━━━━━ Source information ━━━━━

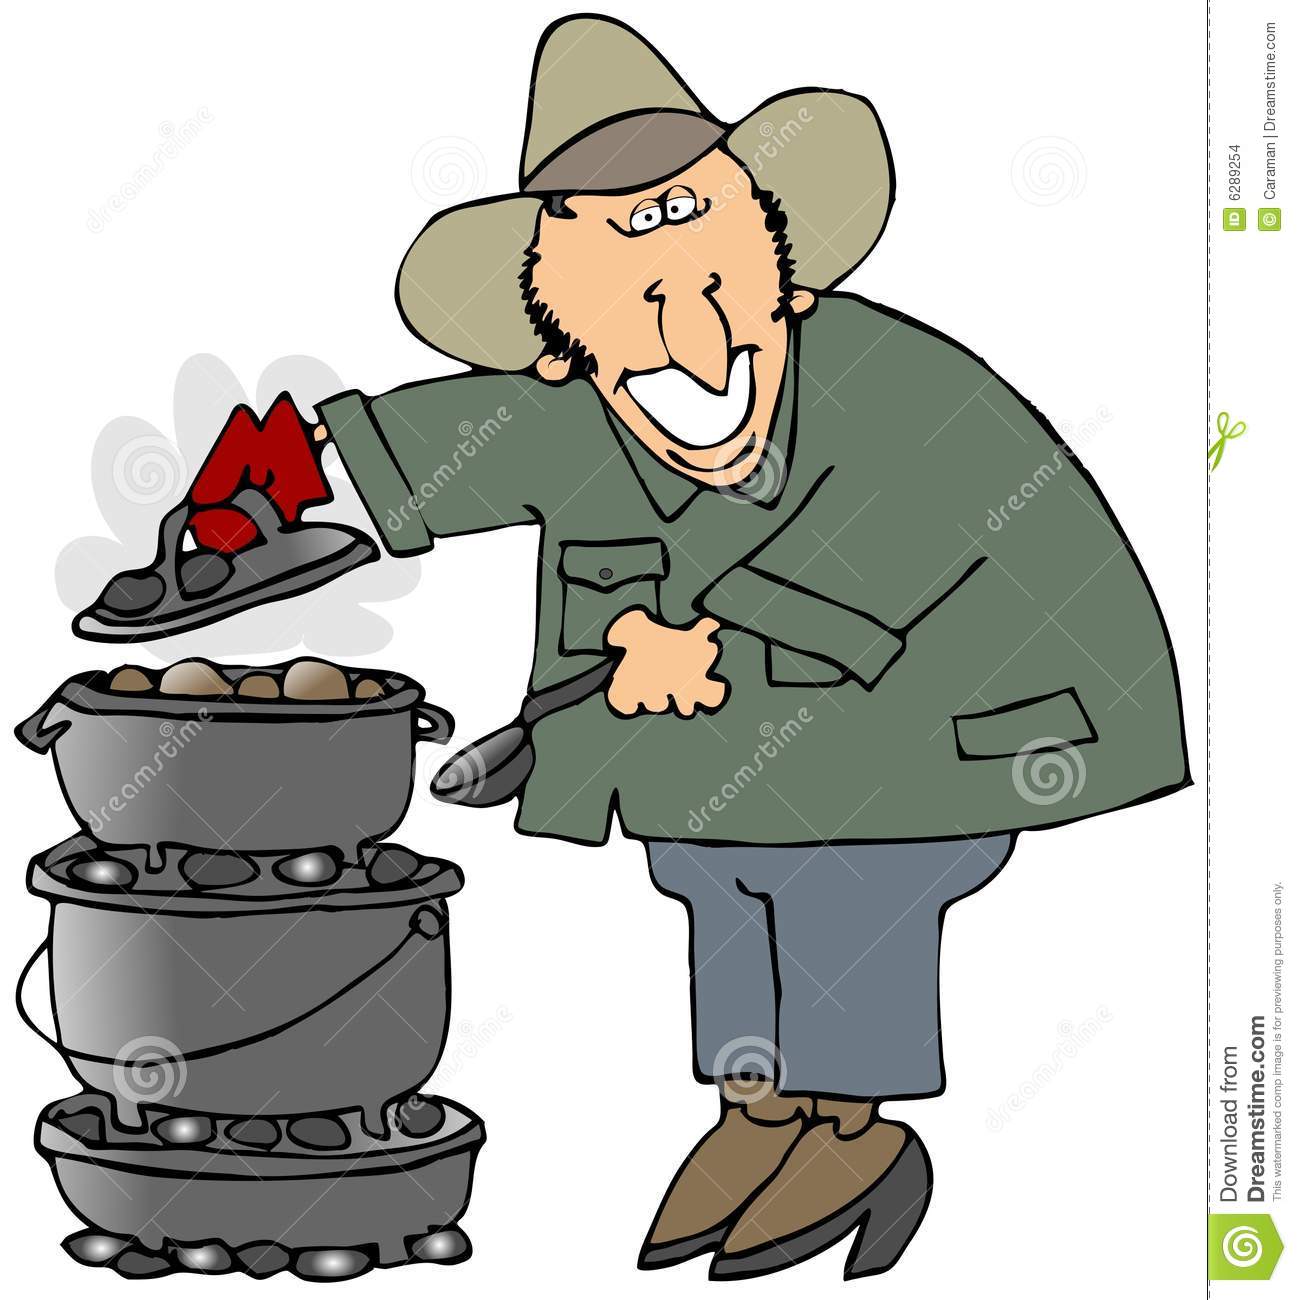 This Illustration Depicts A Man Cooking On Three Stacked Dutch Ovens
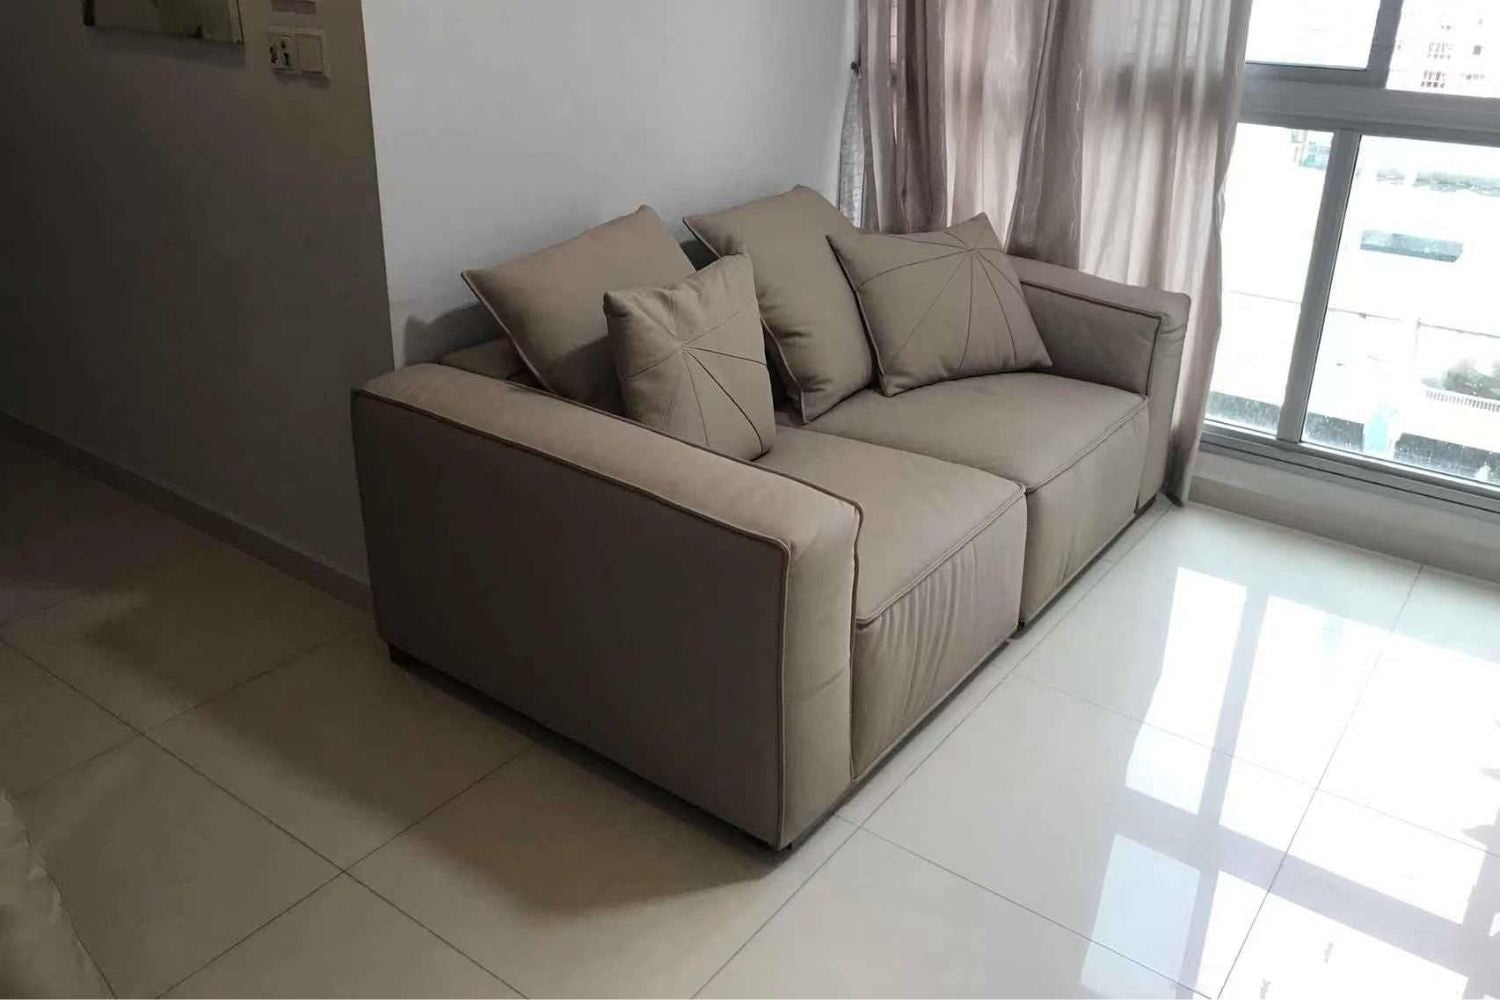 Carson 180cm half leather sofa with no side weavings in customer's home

━━━━━
━━━━━ Source information ━━━━━

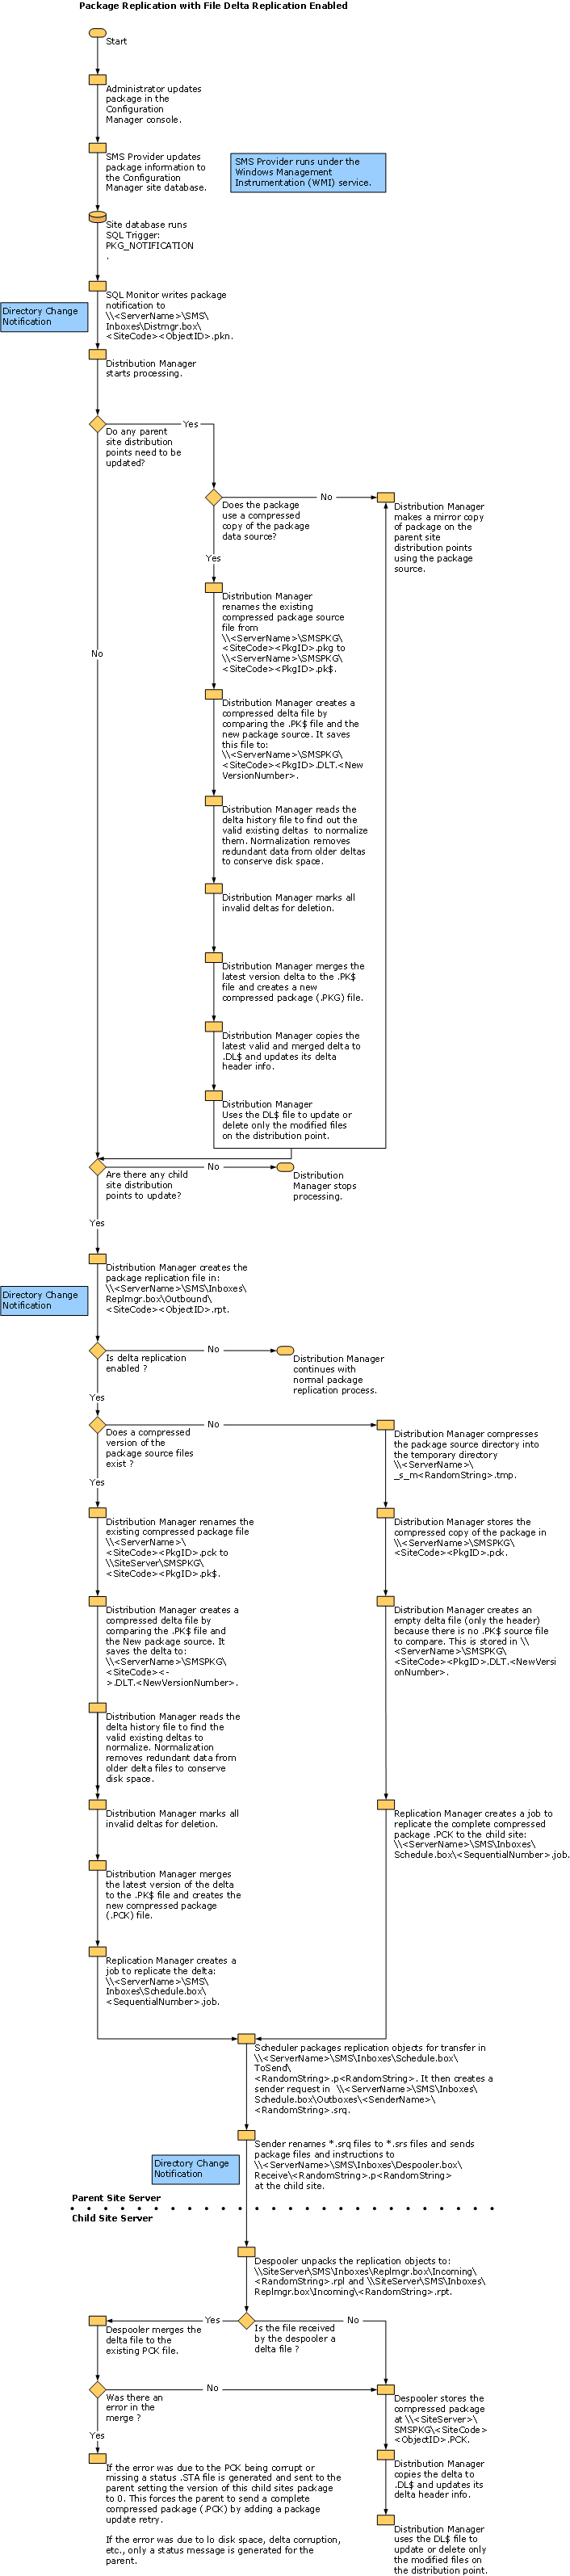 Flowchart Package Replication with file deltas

━━━━━

## Exercise details
Retype the lines above exactly as they appear, from the line containing "This Illustration Depicts" through the line containing "Carson 180cm half", and leave out any pictures.

## Answer below
 This Illustration Depicts A Man Cooking On Three Stacked Dutch Ovens
 Carson 180cm half leather sofa with no side weavings in customer's home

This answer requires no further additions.